Citizens for a Nuclear Free Iran
- Abbreviation: CNFI
- Formation: July 17, 2015
- Type: 501(c) organization, lobbying group
- Location: United States;
- Leader: Patrick Dorton
- Key people: Mary Landrieu, Evan Bayh, Shelley Berkley, Mark Begich, Joe Lieberman
- Parent organization: AIPAC
- Expenses: $20-30 million
- Website: nuclearfreeiran.org (defunct)

= Citizens for a Nuclear Free Iran =

American nonprofit organization

Citizens for a Nuclear Free Iran (CNFI) was an American 501(c)(4) organization launched by American Israel Public Affairs Committee (AIPAC) on July 17, 2015 for the purpose of educating the public about the dangers of Iran nuclear deal.
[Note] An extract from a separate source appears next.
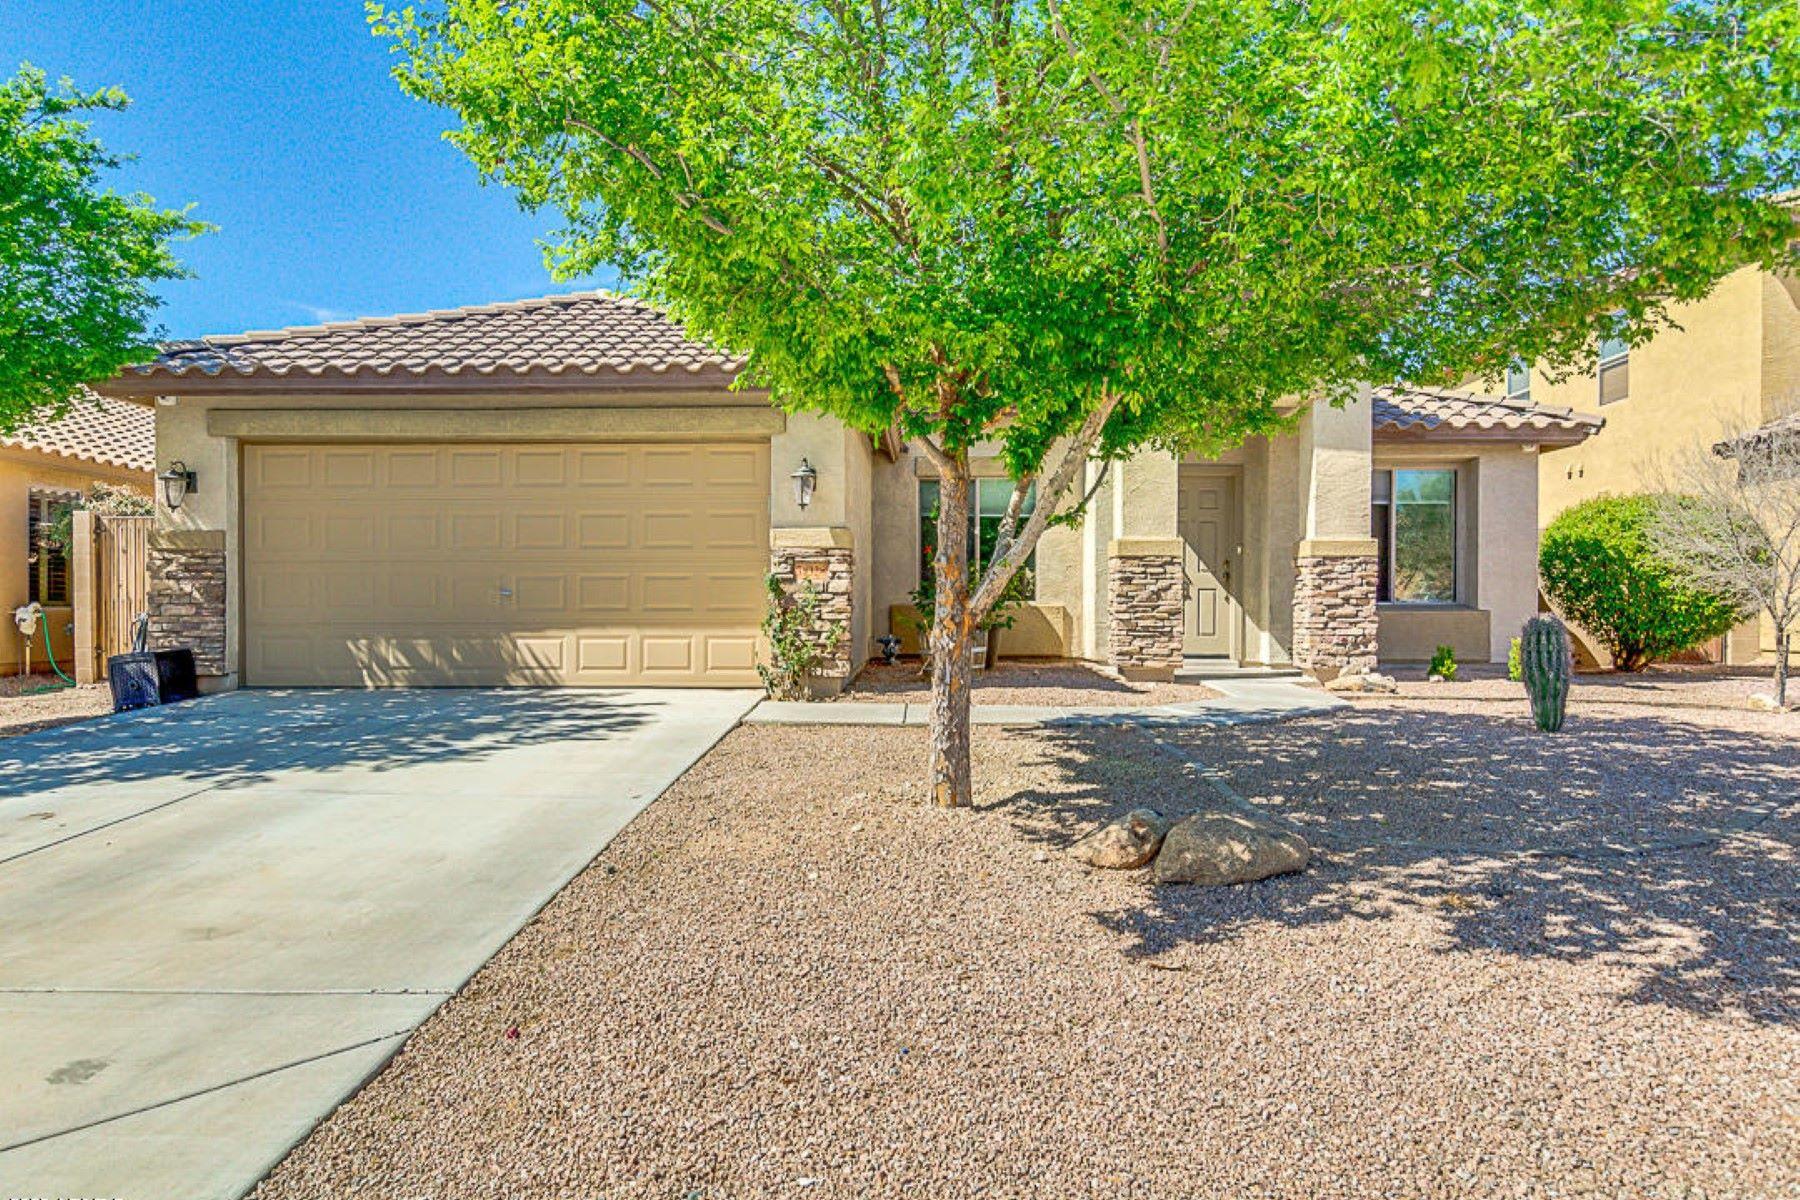 Single Family Homes for Active at Circle Cross Ranch 35328 N SHORTHORN TRL San Tan Valley, Arizona 85143 United States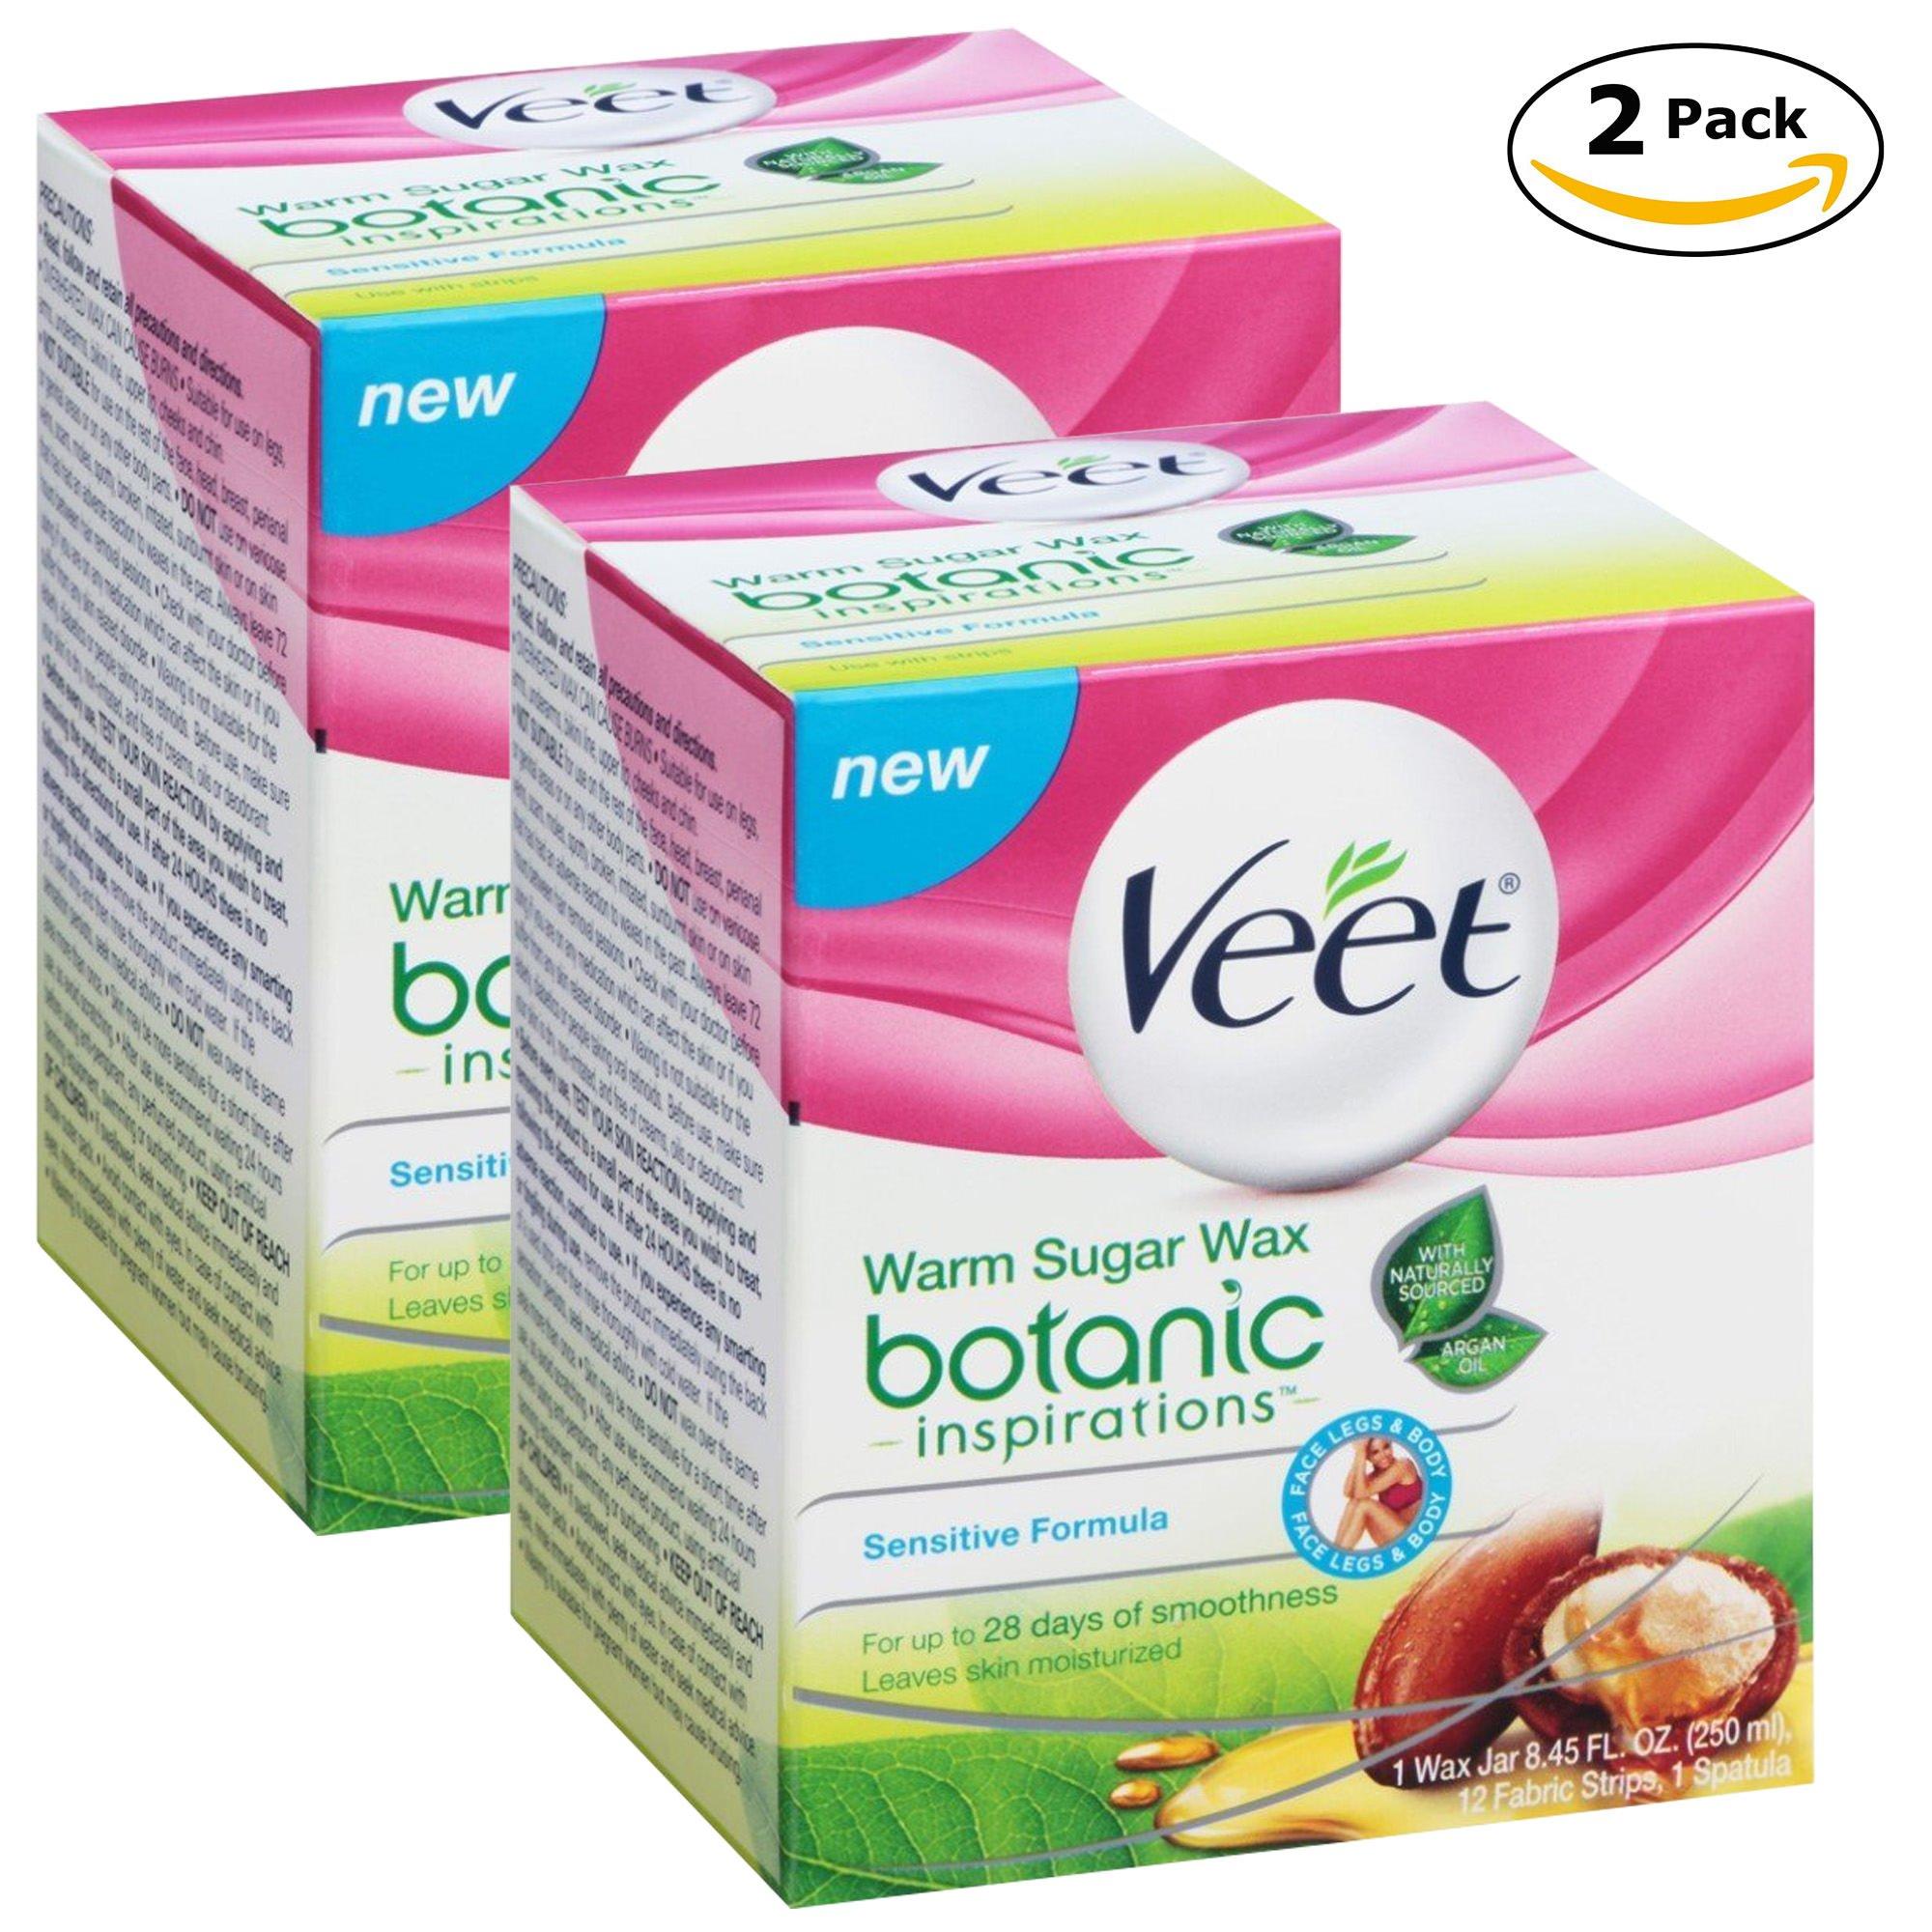 Veet Botanic Warm Sugar Wax Jar 8.45oz (Sensitive) (2 Pack)

The organization spent around $20 million unsuccessfully campaigning against the deal through advertising and other methods.

The organization's advisory board included five Democratic Party politicians; Mary Landrieu, Evan Bayh, Shelley Berkley, Mark Begich and Joe Lieberman. The organization was run by Patrick Dorton, a public relations employee of AIPAC.

== History ==
Citizens for a Nuclear Free Iran was founded on July 17, 2015 by American Israel Public Affairs Committee, a pro-Israel lobbying group. The organization was created as a tax-exempt lobbying group to oppose president Barack Obama's nuclear deal with Iran. Patrick Dorton, spokesman of the organization, said that its mission is to educate the public about the dangers of the proposed Iran deal and lobby both the Democrats and Republicans against it. Reportedly, CFNI has planned to spent $20 million on advertising in 30-40 states. CNFI was managed by consulting firm Mellman Group, the organization paid the firm $241,439 in 2015.

CNFI's advertisements were broadcast on news programs on central and cable channels. The ads argued that the nuclear deal with Iran should be rejected because it will expire after 10 years, giving it enough time to obtain nuclear weapons. The organization staged protests, organized visits to Washington, D.C. for AIPAC members, and bought newspaper advertisements to promote itself. Its efforts failed and did not prevent the deal from being implemented.

== Campaign and controversy ==
The Washington Free Beacon reported that CFNI spent $4,898,111 on advertising, mostly targeting Democratic lawmakers. CFNI paid $76,000 to four TV stations in Honolulu, Hawaii to air its ads from July 13, 2015 to August 2. The stations were KHON-TV, KITV, KGMB and KHNL. A 2017 report by LobeLog revealed that CFNI donated $60,000 to controversial Center for Security Policy, accused of promoting conspiracy theories and islamophobia. CNFI reportedly raised $30 million in donations from 40 states to organizations supporting Israeli Likud party. In late July 2015, the organization, along with hundreds of pro-Israel activists, organized a sit-in in Washington D.C, urging lawmakers to reject the nuclear deal.

One of the organization's ads released in July 2015 was found to be misleading by fact-checker because it took statistics out of context. The ad claimed that if the deal was ratified, 50 Iranian military sites would remain uninspected, despite the fact that the facilities mentioned in the ad are not related to nuclear development and some are not considered military facilities.

Another ad, released by CNFI on July 17, 2015, showed a press conference by the National Council of Resistance of Iran, which is affiliated with the People's Mujahedin Organization of Iran (MEK), an Iranian opposition group formerly designated as terrorist by the US Department of State. CNFI has also shared a news article supporting MEK in “Press Room” section of its website before deleting it. LobeLog noted that this may indicate that CNFI has recognized potential problems associated with supporting MEK.